▸ Task description
Wherever a picture appears in the data below, omit it, and restate everything else word for word.

▸ Data block
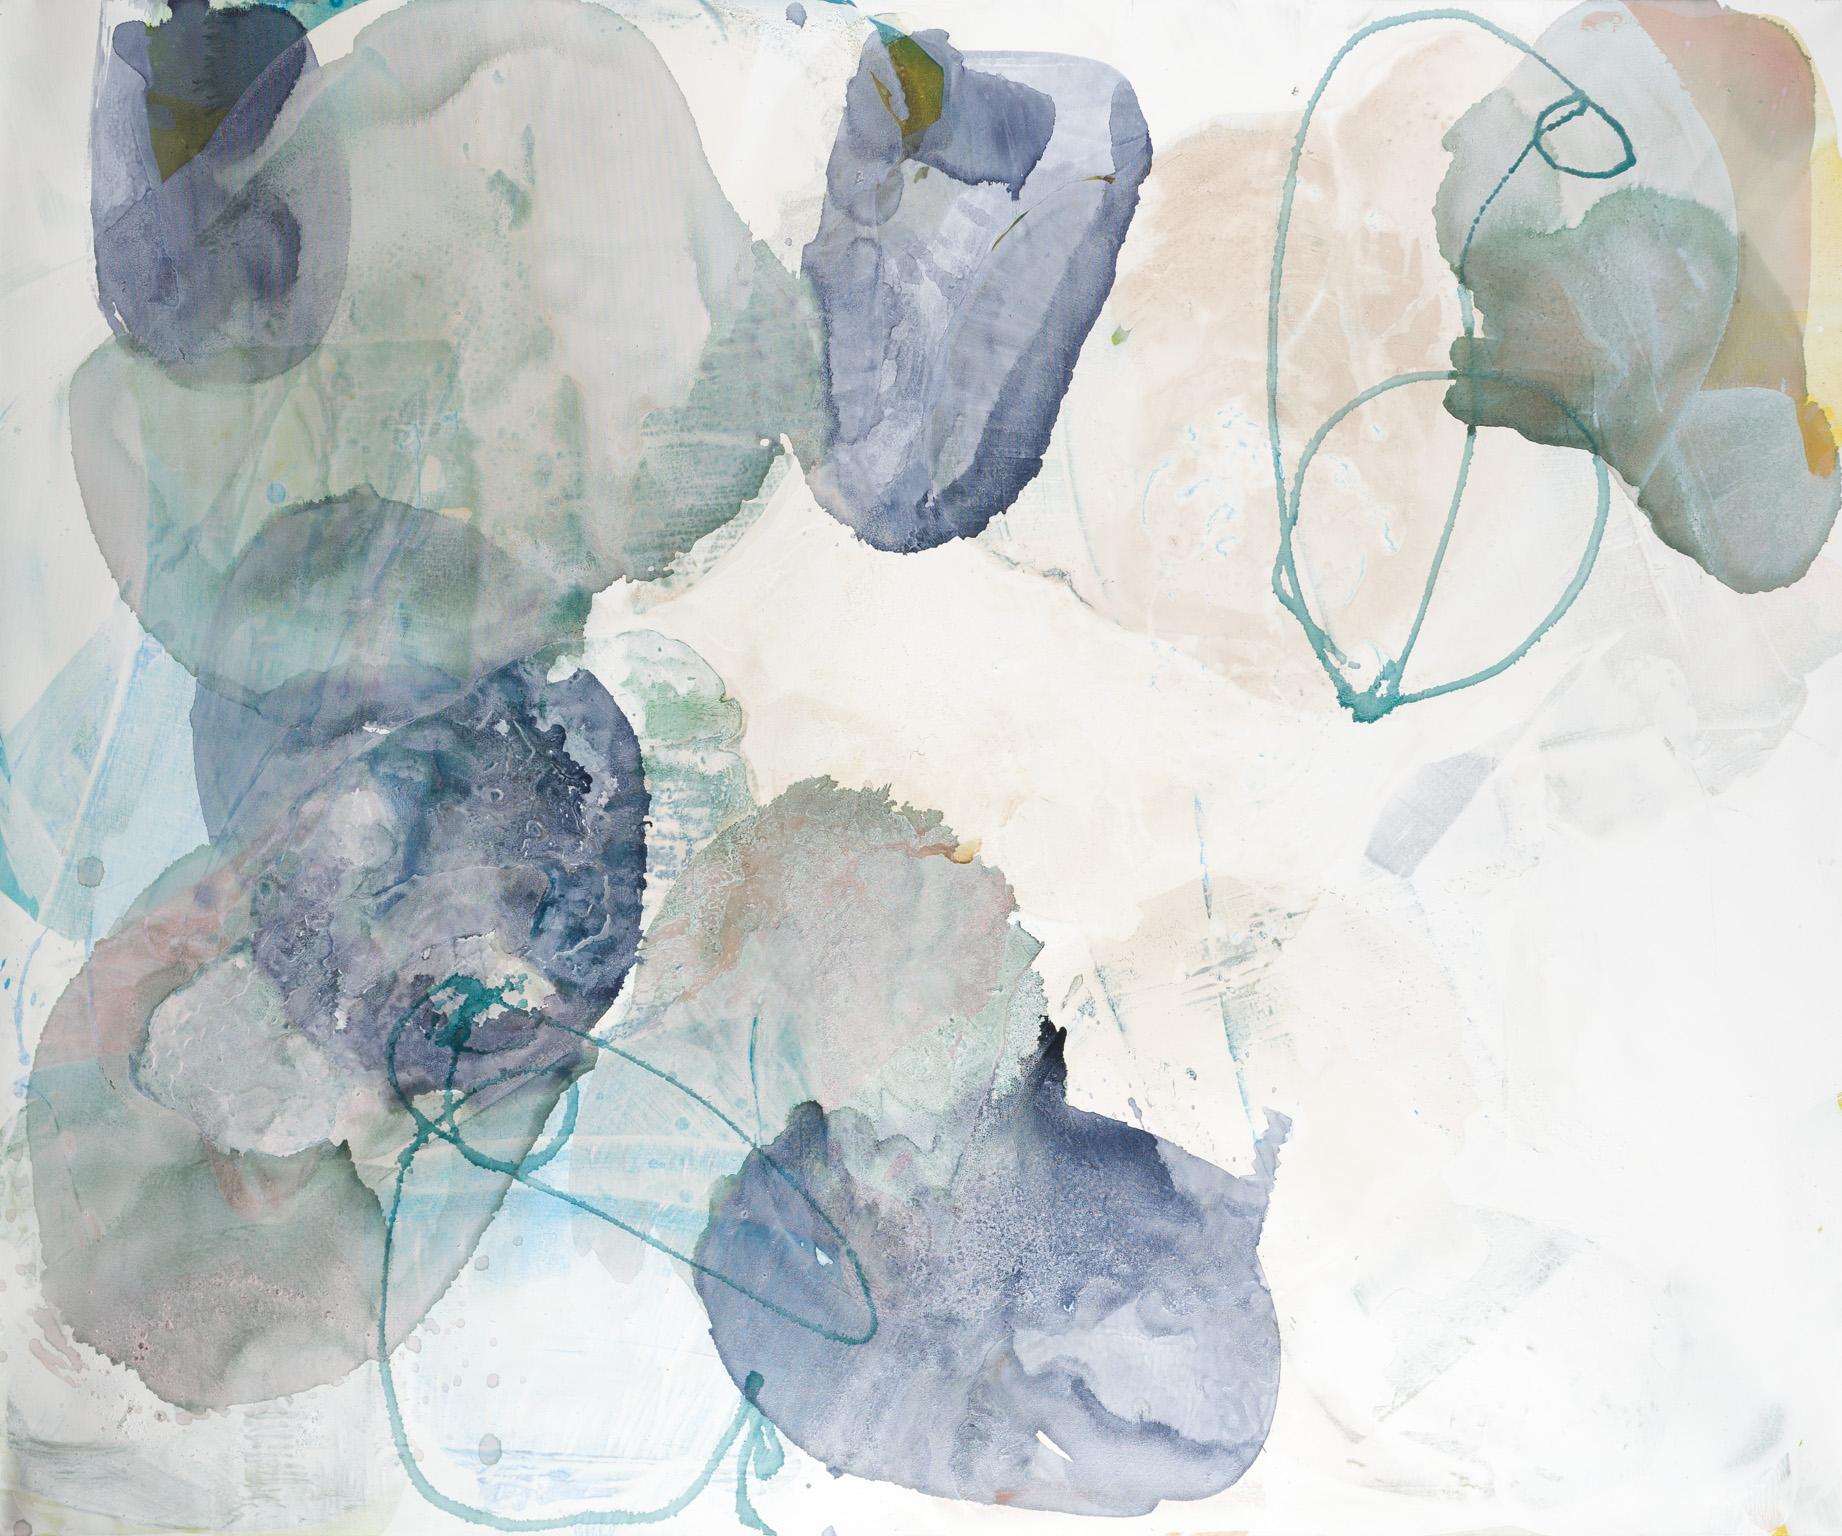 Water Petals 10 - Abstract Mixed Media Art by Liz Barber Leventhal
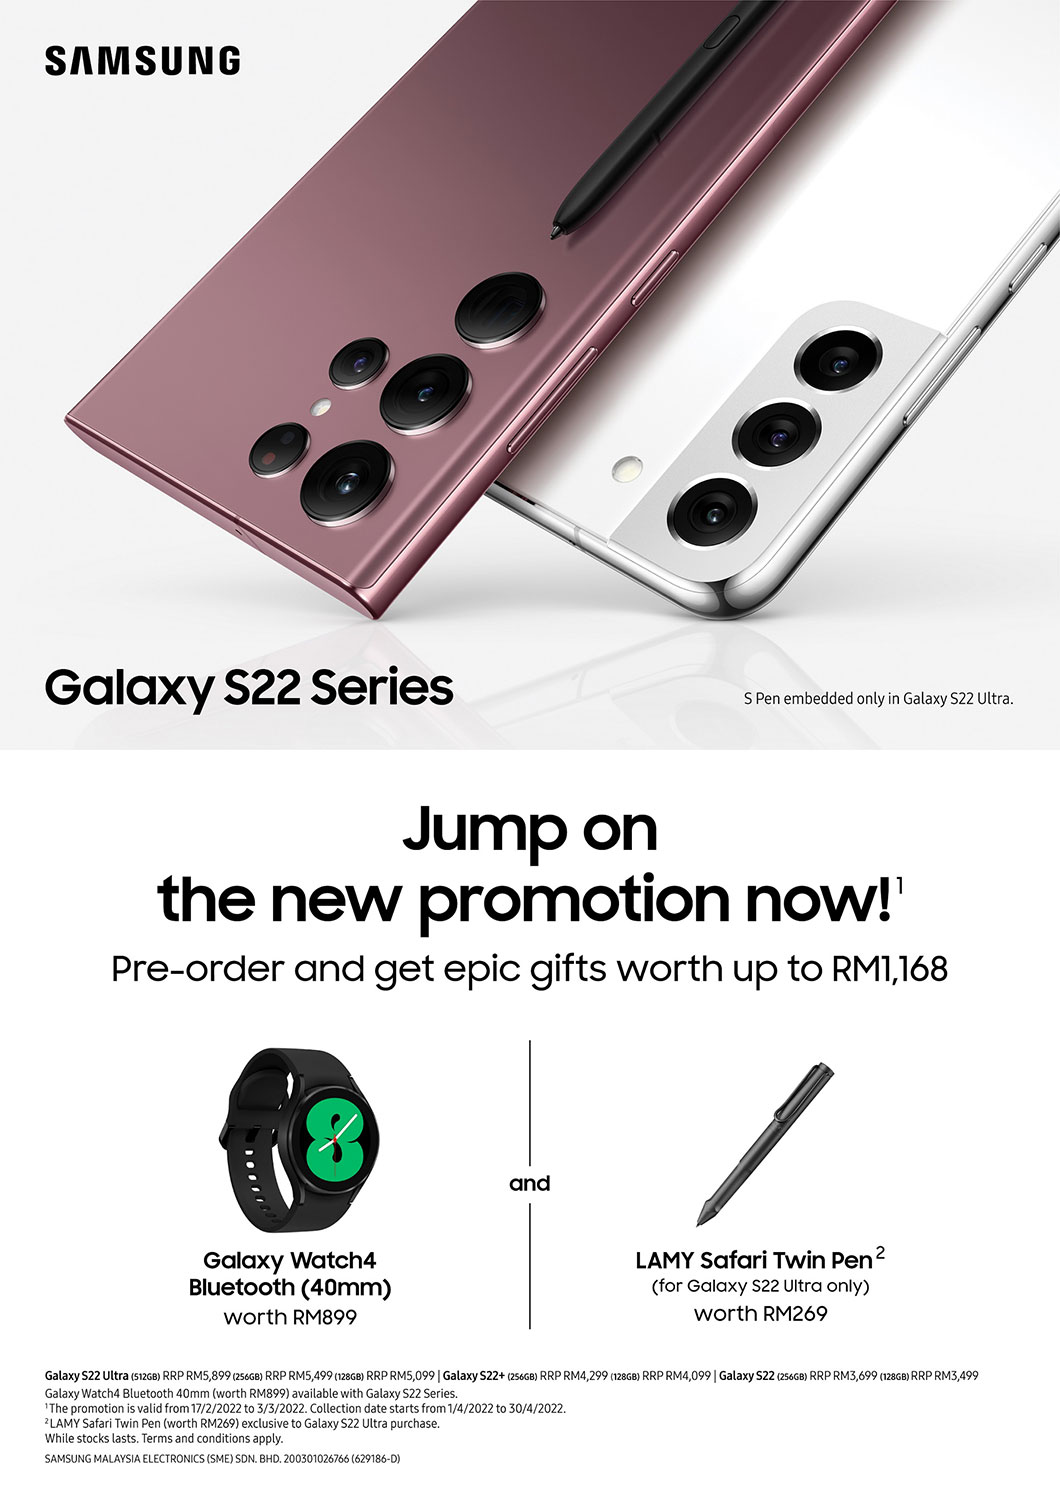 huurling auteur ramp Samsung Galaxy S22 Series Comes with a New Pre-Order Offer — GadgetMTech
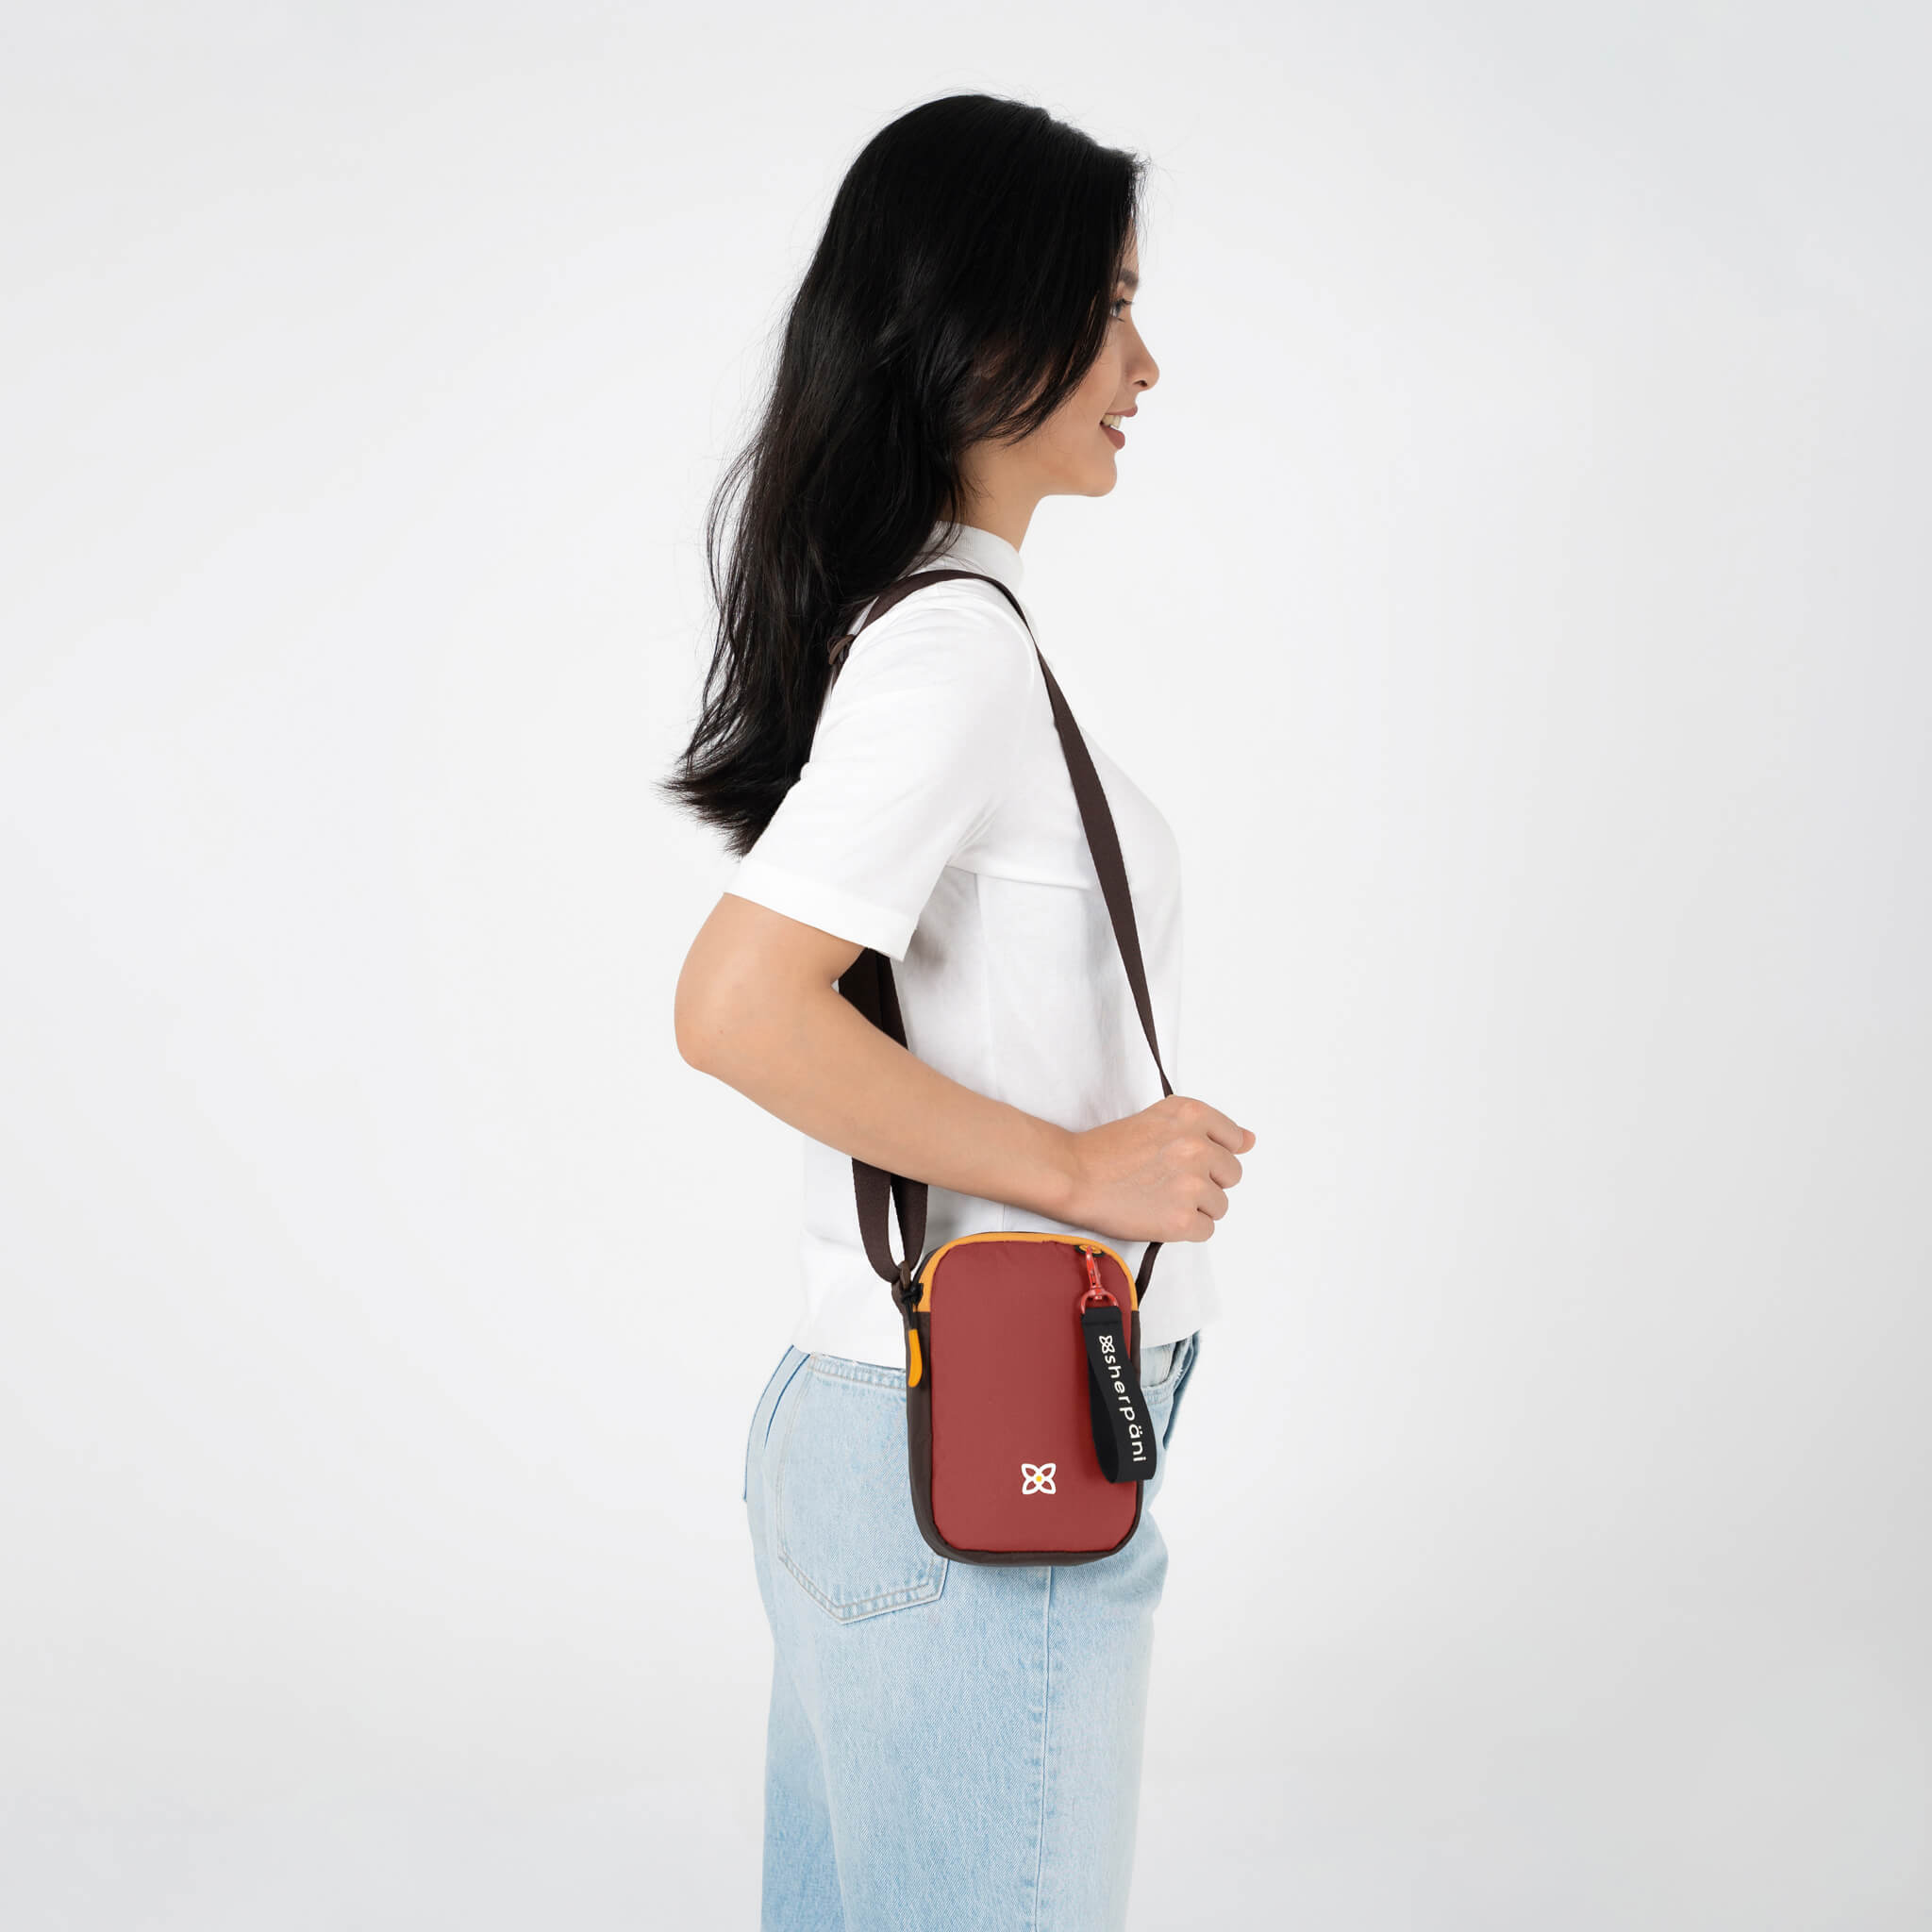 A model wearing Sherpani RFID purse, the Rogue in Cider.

▸ Solution for this exercise
 Water Petals 10 - Abstract Mixed Media Art by Liz Barber Leventhal
 huurling auteur ramp Samsung Galaxy S22 Series Comes with a New Pre-Order Offer — GadgetMTech
 A model wearing Sherpani RFID purse, the Rogue in Cider.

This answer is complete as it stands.